- To do: From the line that contains "These luscious gluten-free" down to the last line of the data below, restate every line word for word, skipping any images.

- Available data:
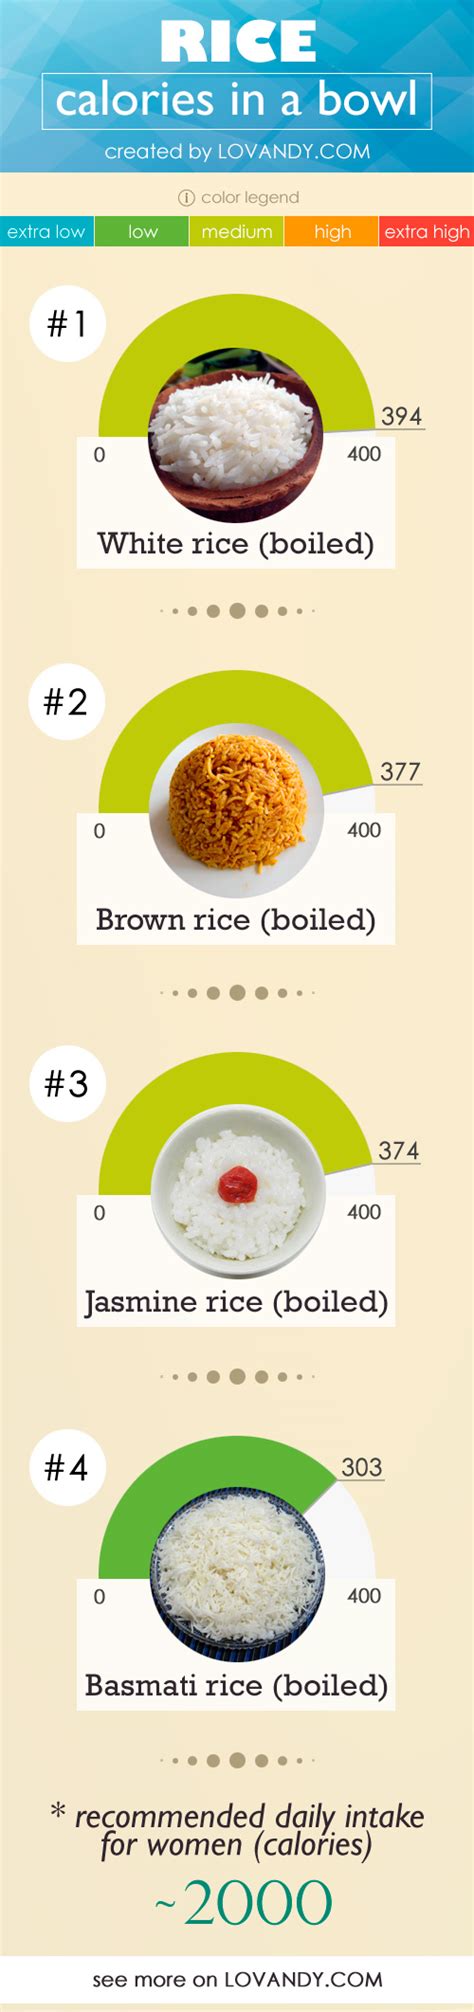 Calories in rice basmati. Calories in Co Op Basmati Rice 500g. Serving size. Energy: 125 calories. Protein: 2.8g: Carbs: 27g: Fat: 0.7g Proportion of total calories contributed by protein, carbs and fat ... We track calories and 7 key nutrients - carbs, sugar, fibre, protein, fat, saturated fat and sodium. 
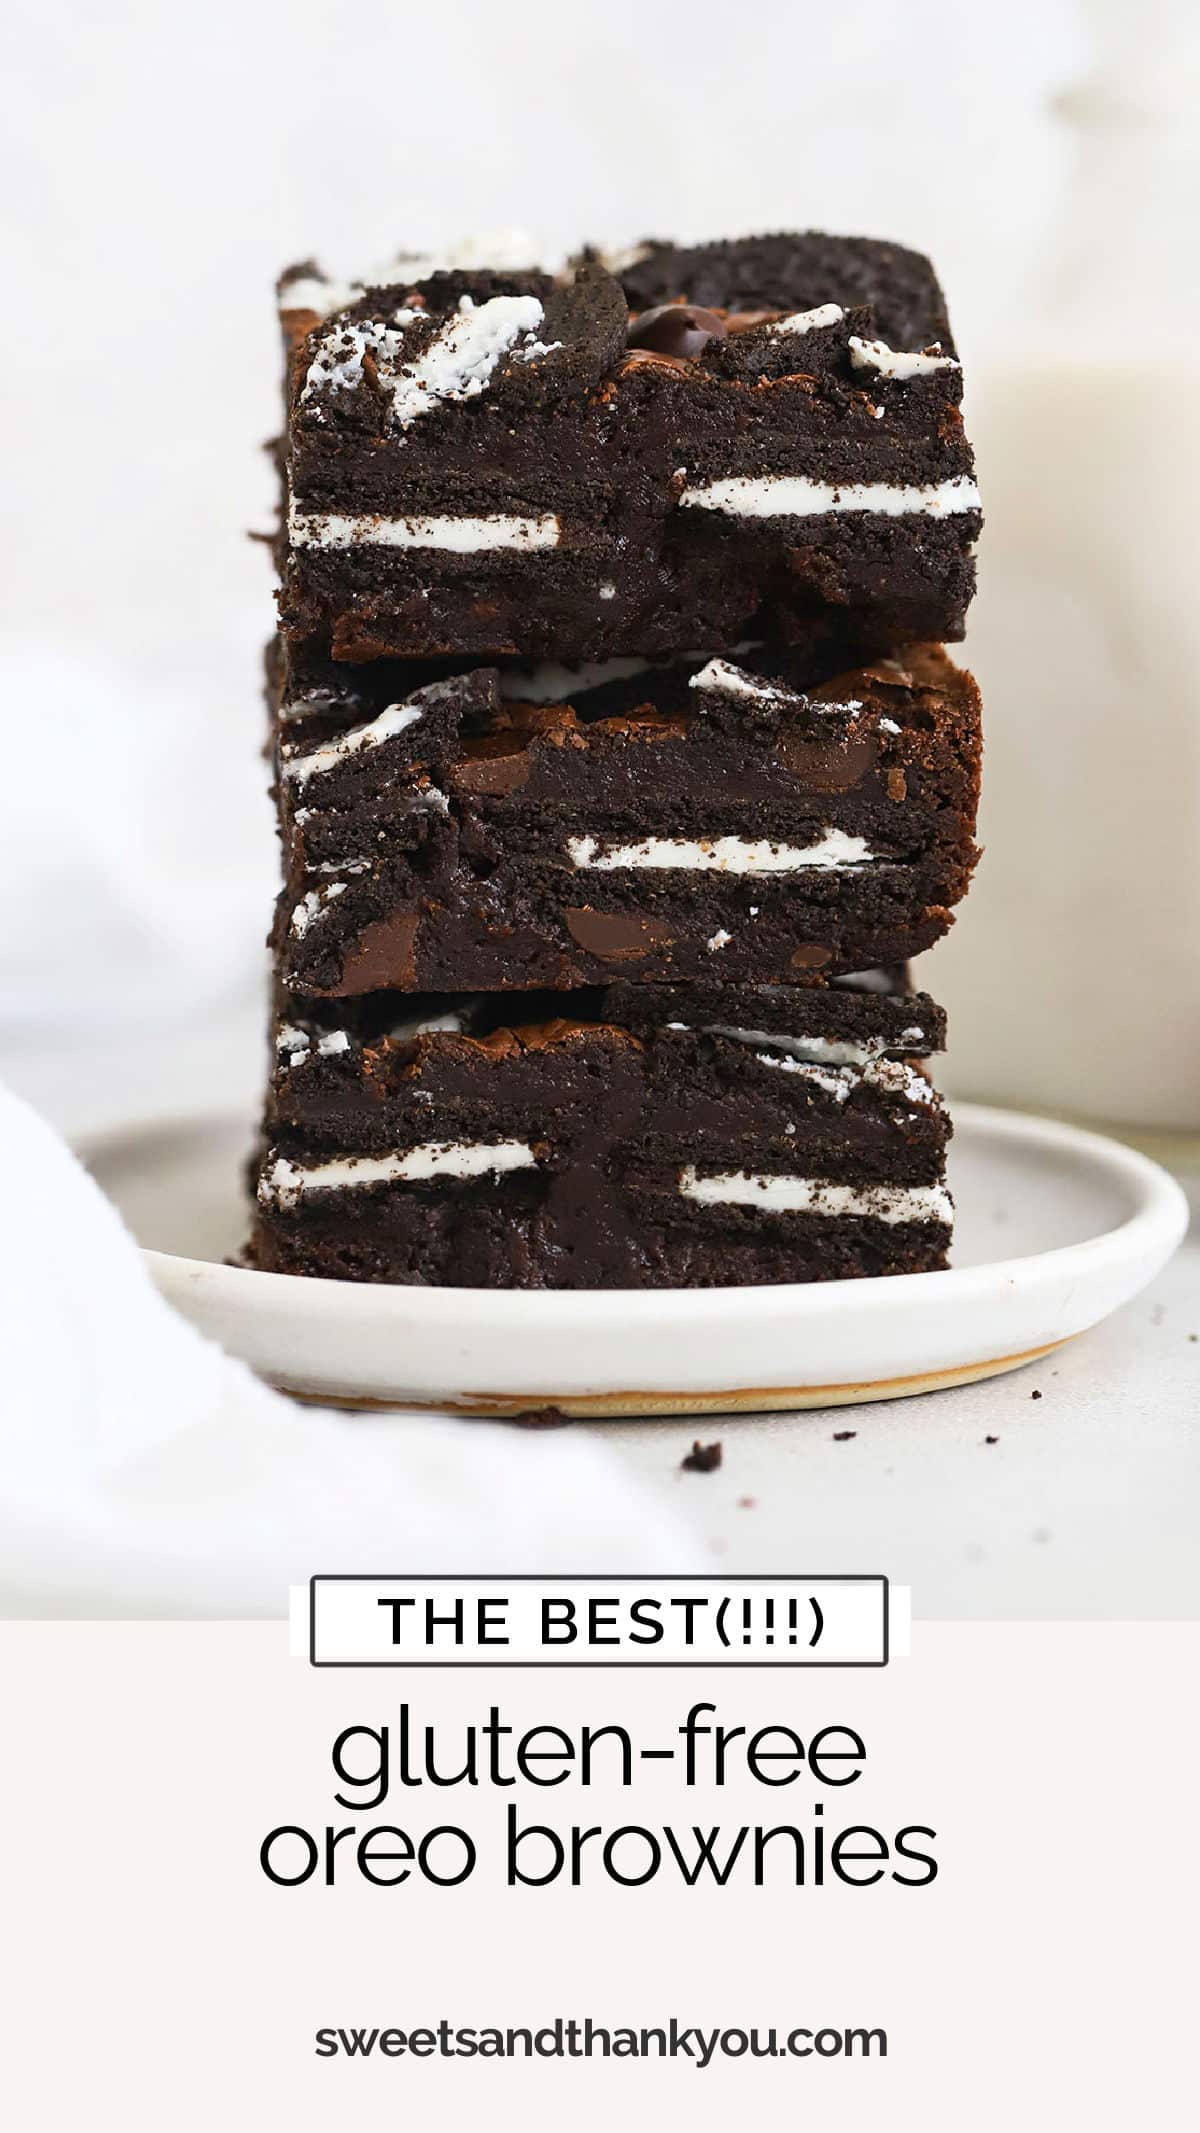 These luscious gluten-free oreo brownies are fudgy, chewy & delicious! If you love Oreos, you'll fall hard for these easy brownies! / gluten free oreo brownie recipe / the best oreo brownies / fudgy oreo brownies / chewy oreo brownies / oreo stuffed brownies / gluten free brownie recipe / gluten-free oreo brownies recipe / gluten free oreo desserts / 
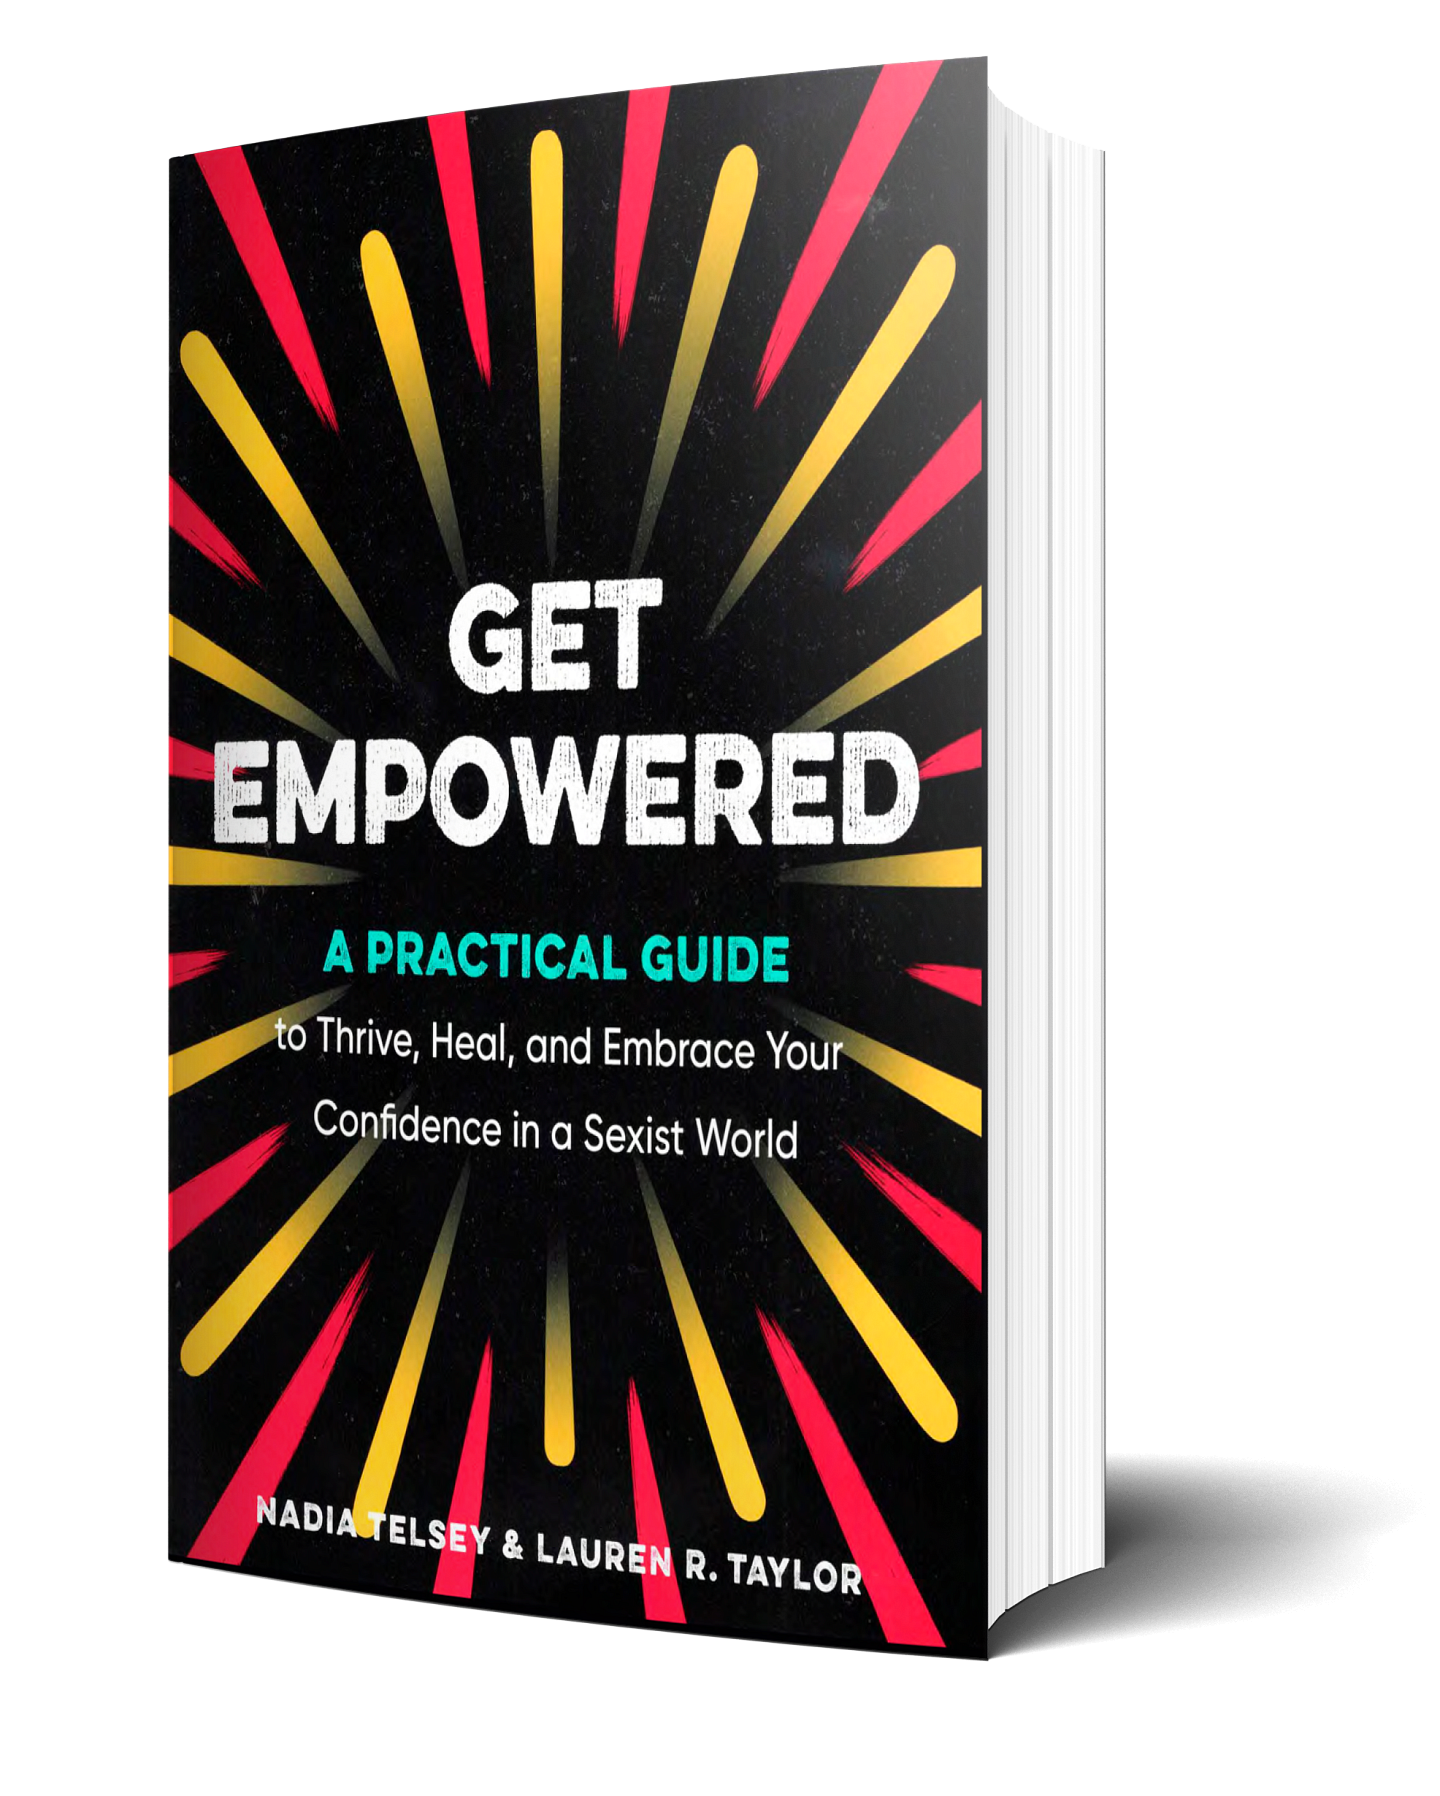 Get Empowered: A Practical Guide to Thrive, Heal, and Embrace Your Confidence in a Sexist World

- Your response:
 These luscious gluten-free oreo brownies are fudgy, chewy & delicious! If you love Oreos, you'll fall hard for these easy brownies! / gluten free oreo brownie recipe / the best oreo brownies / fudgy oreo brownies / chewy oreo brownies / oreo stuffed brownies / gluten free brownie recipe / gluten-free oreo brownies recipe / gluten free oreo desserts / 
 Get Empowered: A Practical Guide to Thrive, Heal, and Embrace Your Confidence in a Sexist World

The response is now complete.